Conveniently, the look-Lip table which stores the required filter or damping constant may be arranged to be adaptive with respect to time. Accordingly, if a particular selected filter constant results in, for example, an unsatisfactory engine operating condition, each of several times that the filter constant is applied to a required fuel per cycle demand of the engine, the filter constant may be incremented upwardly or downwardly as is appropriate and substituted for the filter constant value previously stored within the look-up table.

Similarly, the determined rate of change of fuel required per cycle with time may be constant (a linear function of fuelling with time) or may be time variant. Where time variant, the ECU may calculate a function representative of the variation in the rate of change of fuel per cycle with time for the engine.

Conveniently, the filtering or damping of the rate of change of fuelling rate of the engine as demanded by the driver or ECU is instantaneous. This is particularly advantageous in a fuel based control system where, as previously mentioned, there is typically less inertia and lag than in a typical air based homogeneous charge control system. In other words, a fast filtering or damping response is necessary in a fuel based control system to obtain the desired effect of smoothing changes in the rate of fuelling and/or varying a value of the rate of change of fuel delivered per cycle of the engine to no greater than a predetermined threshold level.

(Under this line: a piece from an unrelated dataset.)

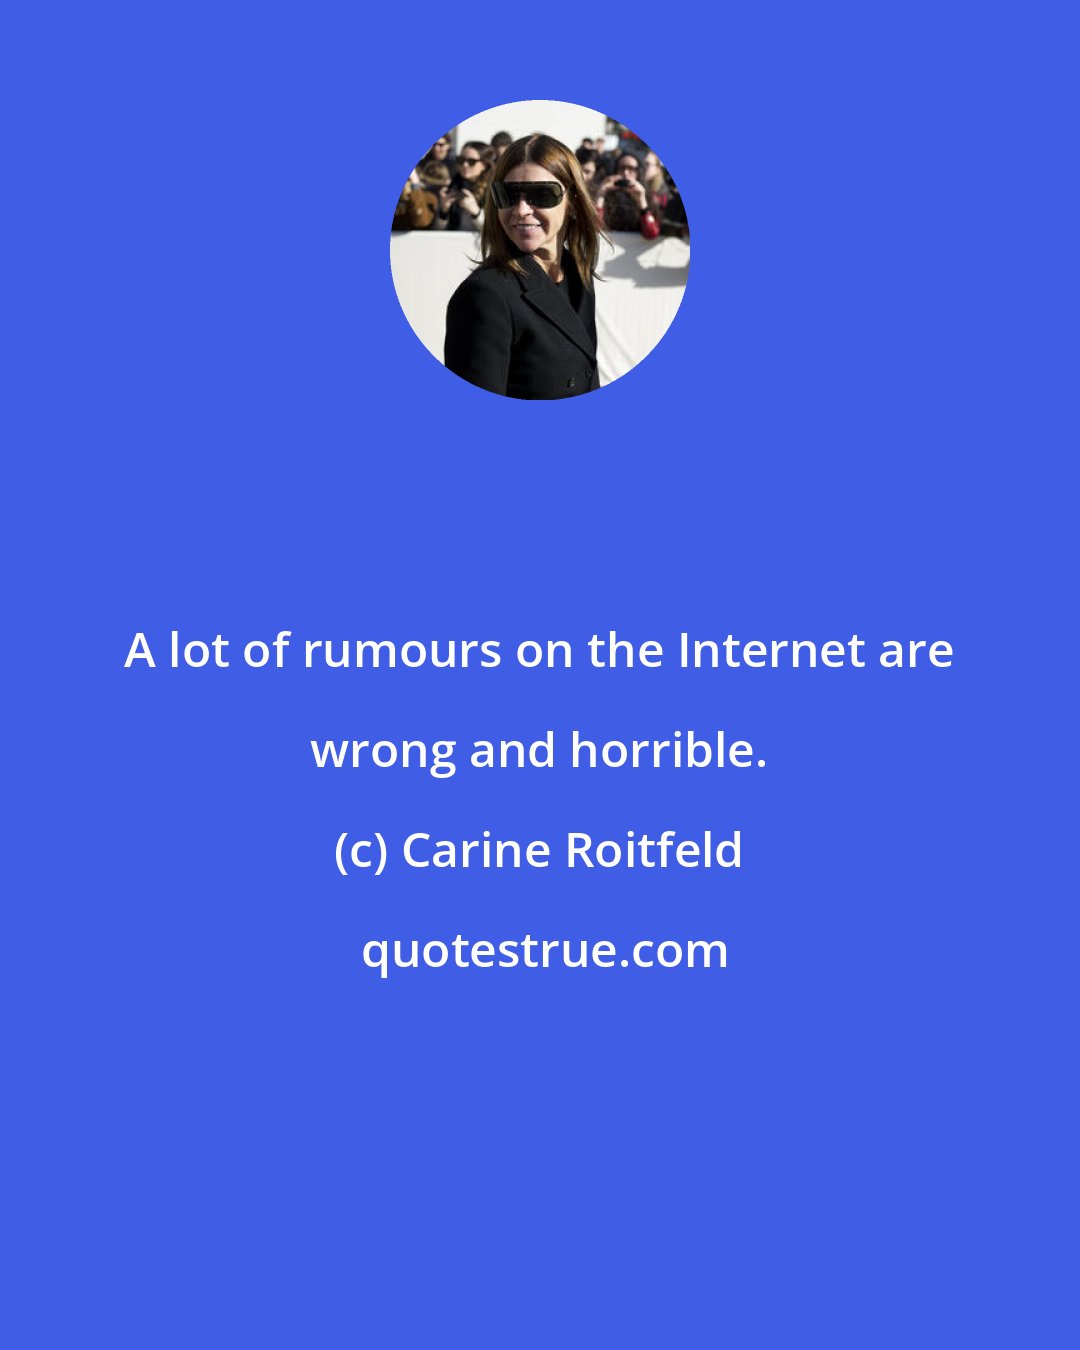 Carine Roitfeld: A lot of rumours on the Internet are wrong and horrible.

However, the degree of filtering, as with the determined rate of change of fuelrequired per cycle with time, may be time variant to take account of features such as the behavior of the engine mounts. It is apparent that the movement of the engine will be most severe at onset of tip-in/tip-out where the engine mounts are typically at their most compliant. As the movement of the engine becomes more pronounced the compliance of the mounts generally decreases. Thus the degree of filtering may be varied to take account of this and the filter constant can be initially calculated to ensure a smaller rate of change of fuelling for the engine when the mounts are at their most compliant. Thereafter, recalculation of the filter constant can occur to increase the rate of change of fuelling and enable a more rapid approach to the demand fuel per cycle with time because the increasing stiffness or decreasing compliance of the engine mounts will tend to offset the likelihood of occurrence of undesirable levels of tip-in/tip-out behavior. Such recalculation of the filter constant may occur stepwise or more gradually.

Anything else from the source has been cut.